What conclusions can be drawn from this episode then? Skirmishing horse archers ought to be essentially immune to troops that cannot shoot back if they have the room to evade. This sounds obvious yet this is not the case in many rule sets. One of my main criticisms with Armati is the ease with which light troops such as horse archers can be caught and wiped out by slower troops armed with nothing but melee weapons by the simple expedient of charging them: an easy event to engineer since it is often possible to move twice in a row while the enemy is forced to sit still. This should be the case even if the enemy are also unarmoured horsemen such as sarissophoroi who should be able to ride at the same pace: the horse archers will always have a head start on their pursuers and will never be caught unless trapped against an obstacle. The horse archers should always be able to evade out of harm's way. They may lose ground in the process, but it should be entirely risk free. DBM suffers to some extent the same problem, complicated by lumping in a single troop category unarmoured horsemen with lances such as sarissophoroi with troops with missile weapons such as hippakontistai. Horse archers should be vulnerable to one but not the other: their modes of fighting are completely different.

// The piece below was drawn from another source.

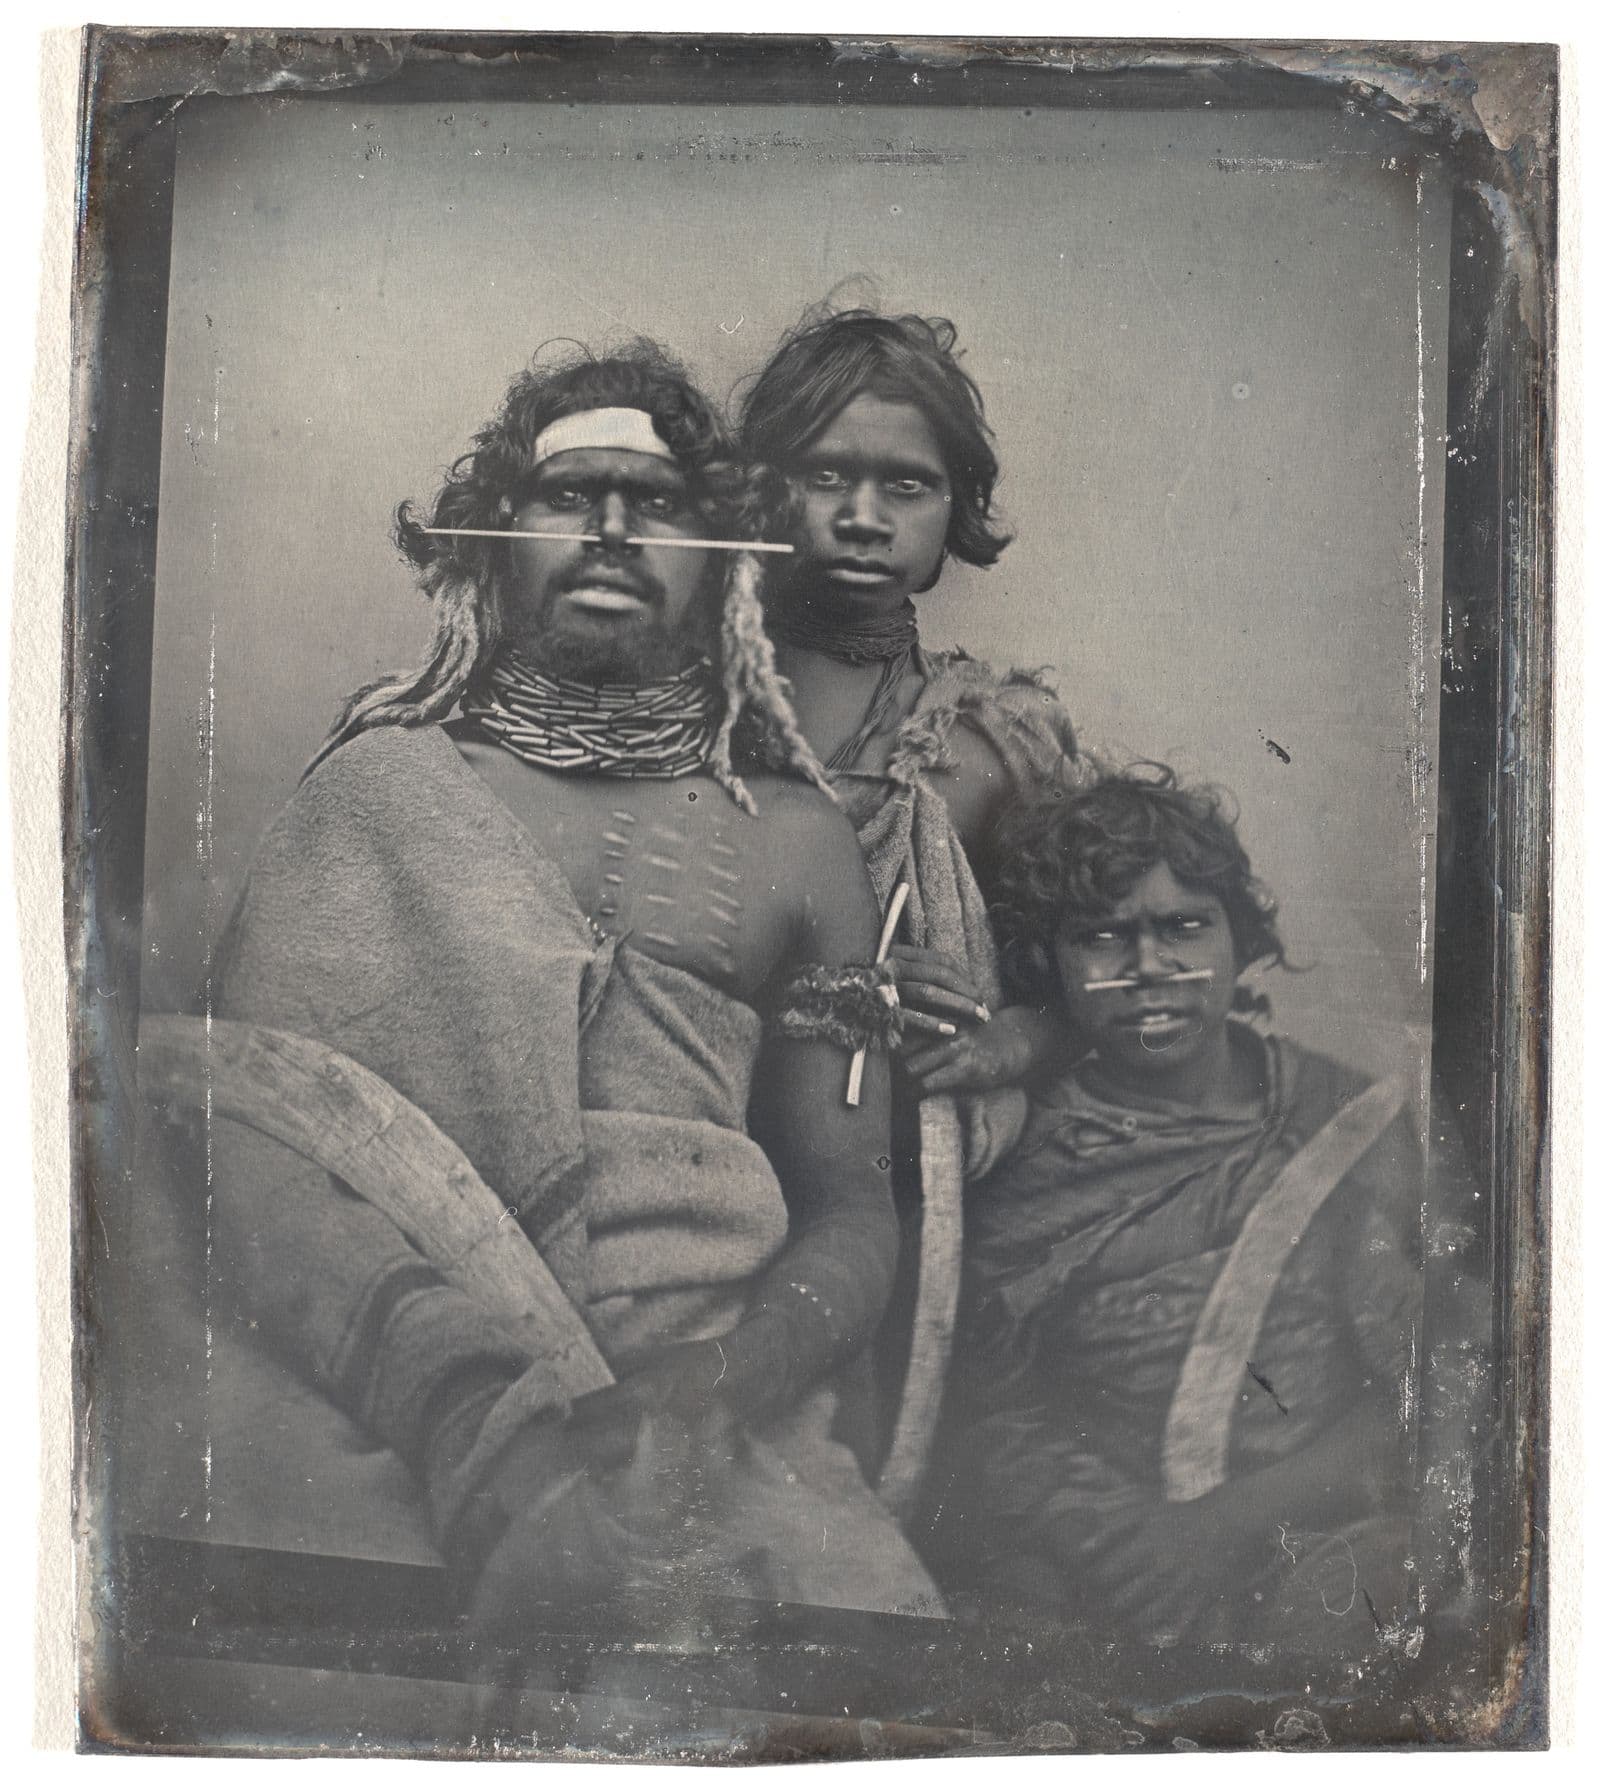 Photograph of an Indigenous Australian man in traditional dress and two younger children also in traditional clothing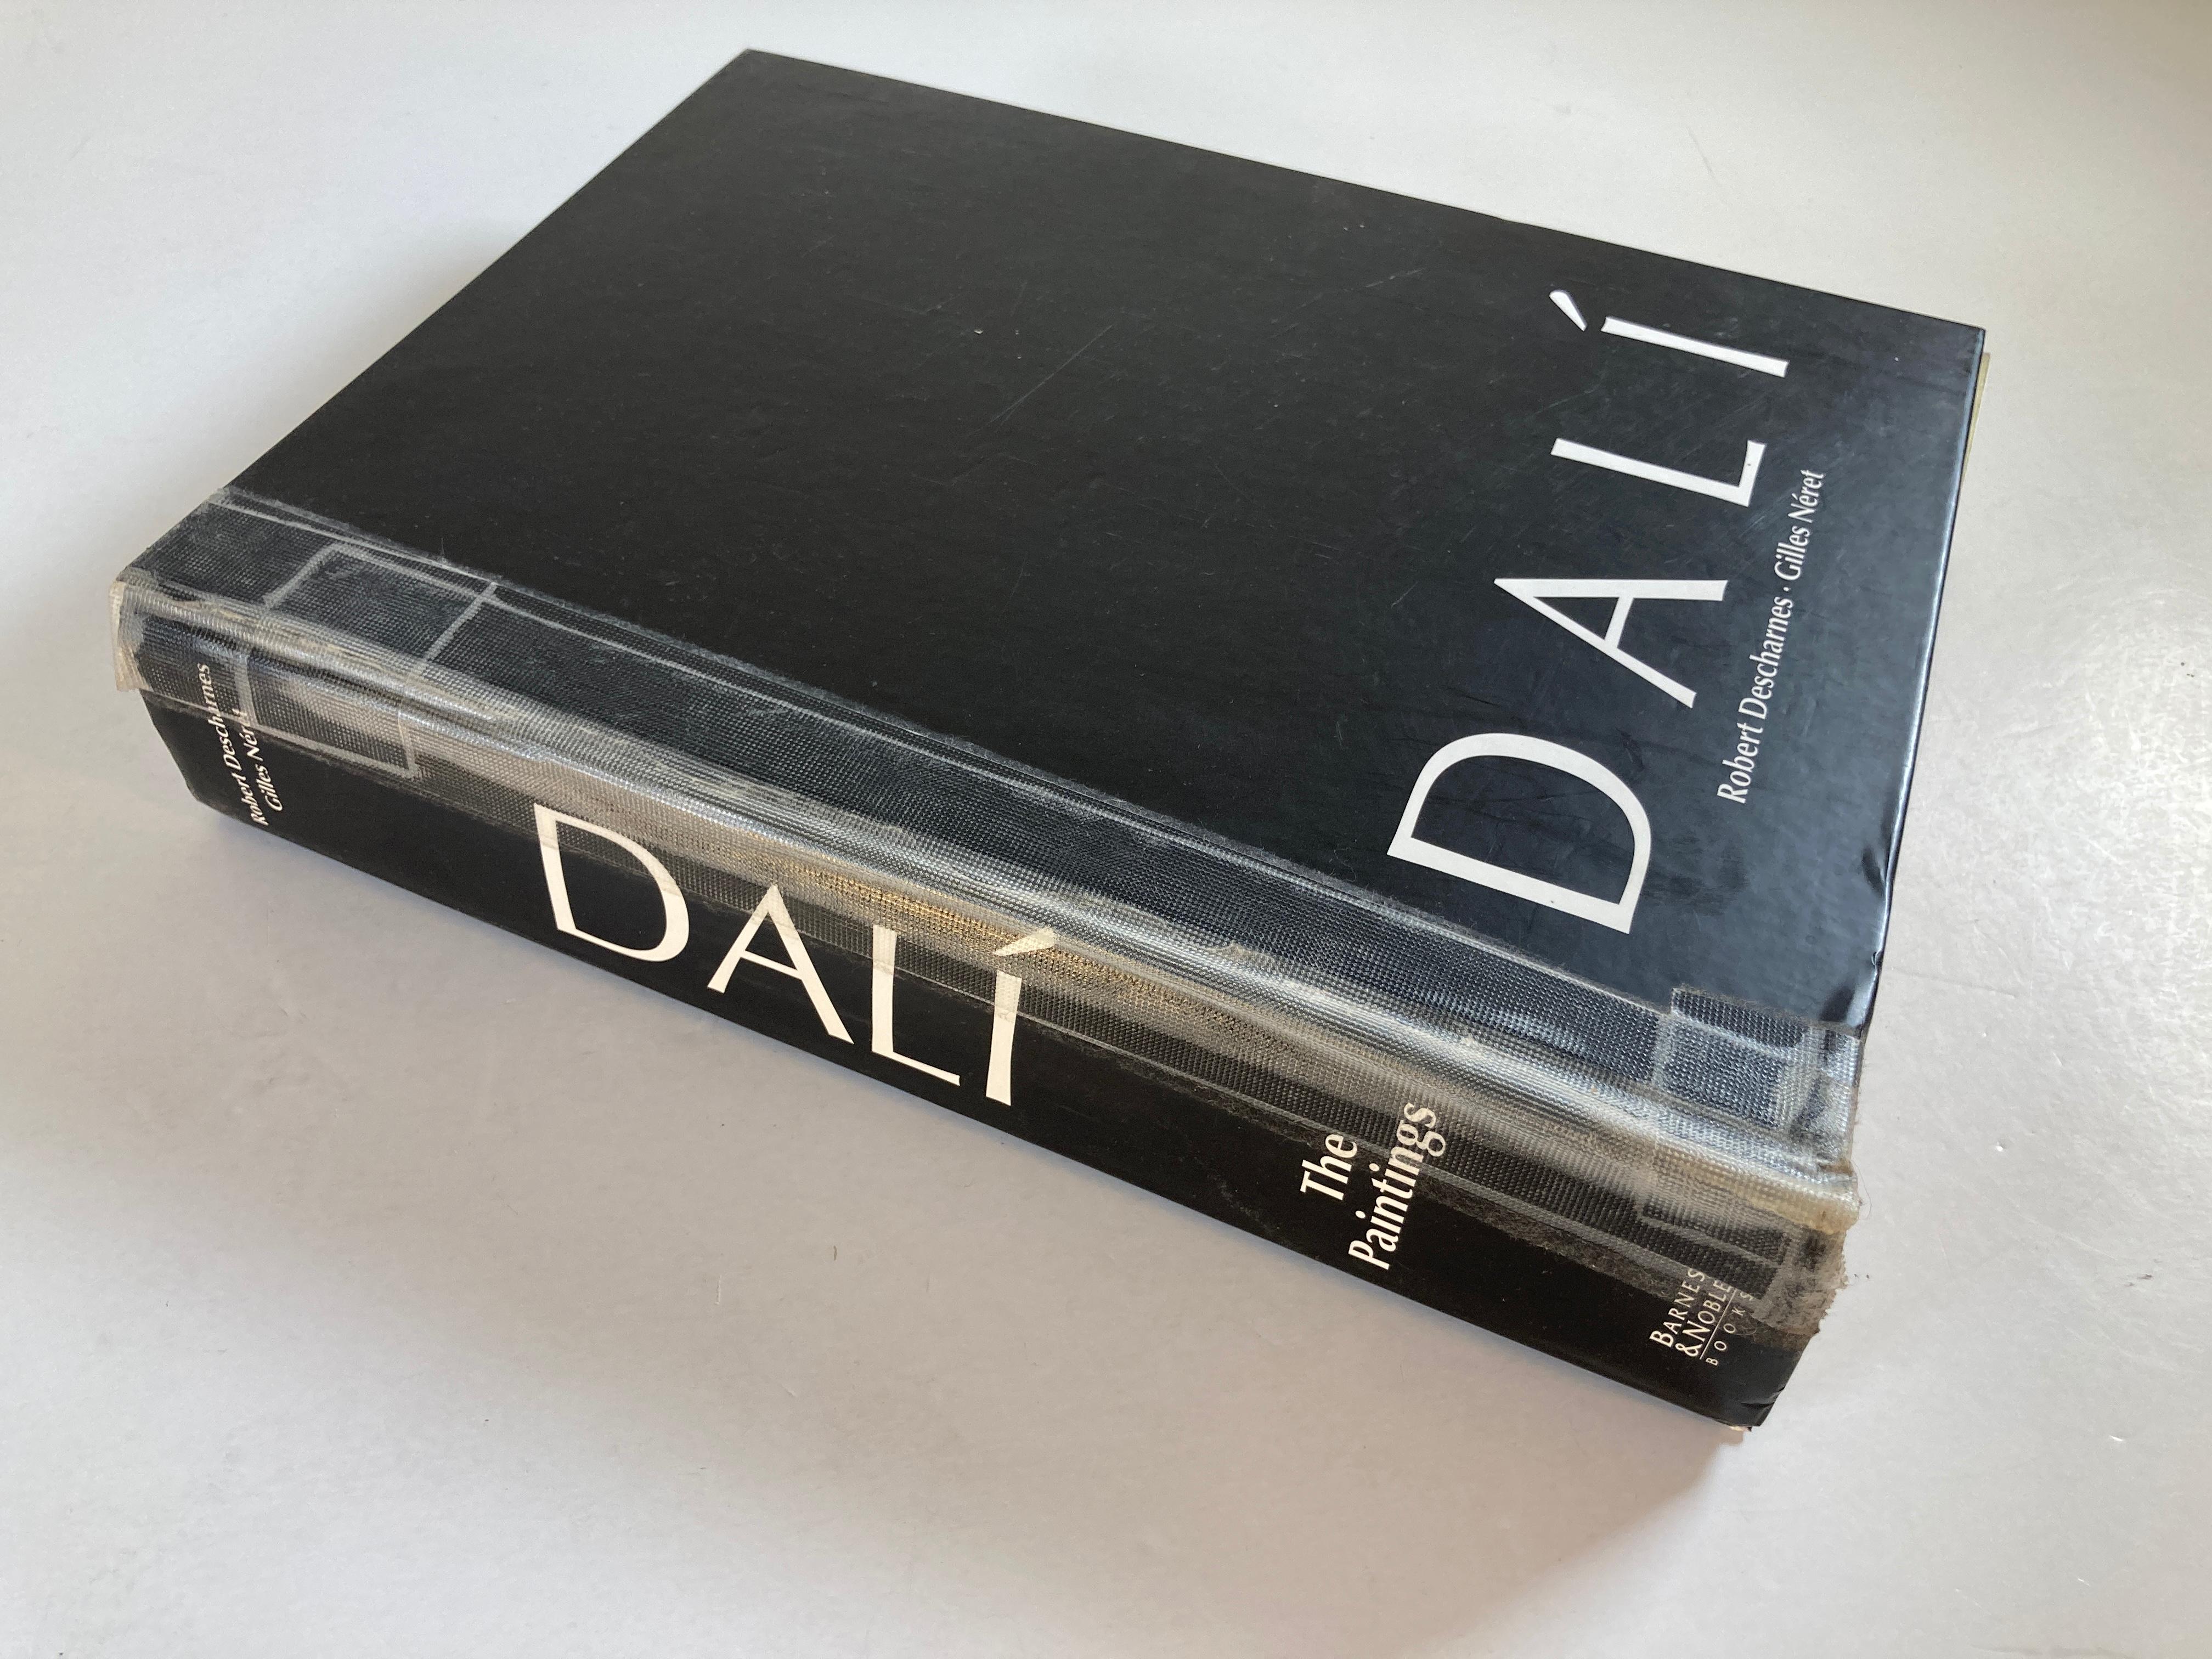 Dali The Work and the Man by Robert Descharnes Hardcover Coffee Table Art Book For Sale 5

Evasion is not however an option if the horse archers are disordered through taking casualties. A set of rules that includes "disorder", such as WRG's 7th edition, should not allow such disordered troops to evade. Such troops should either sit off at long range to lessen their own casualties (like the Saljuks fighting the Crusaders) and ensure they come to no harm (but do nothing to the enemy), or, they can choose to come close, but get caught when they find themselves unable to flee (as opposed to rout) through becoming disordered by enemy shooting at them. Foot skirmishers would have less of a problem physically with evading when disordered, men being more manoeuvrable than horses, but disorder is also a psychological problem, and infantry skirmishers charged in such a state didn't rally, they took to their heels and never came back


I would like to thank Michael Anastasiadas for his comments on Arrian's Greek, and Duncan Head for providing references.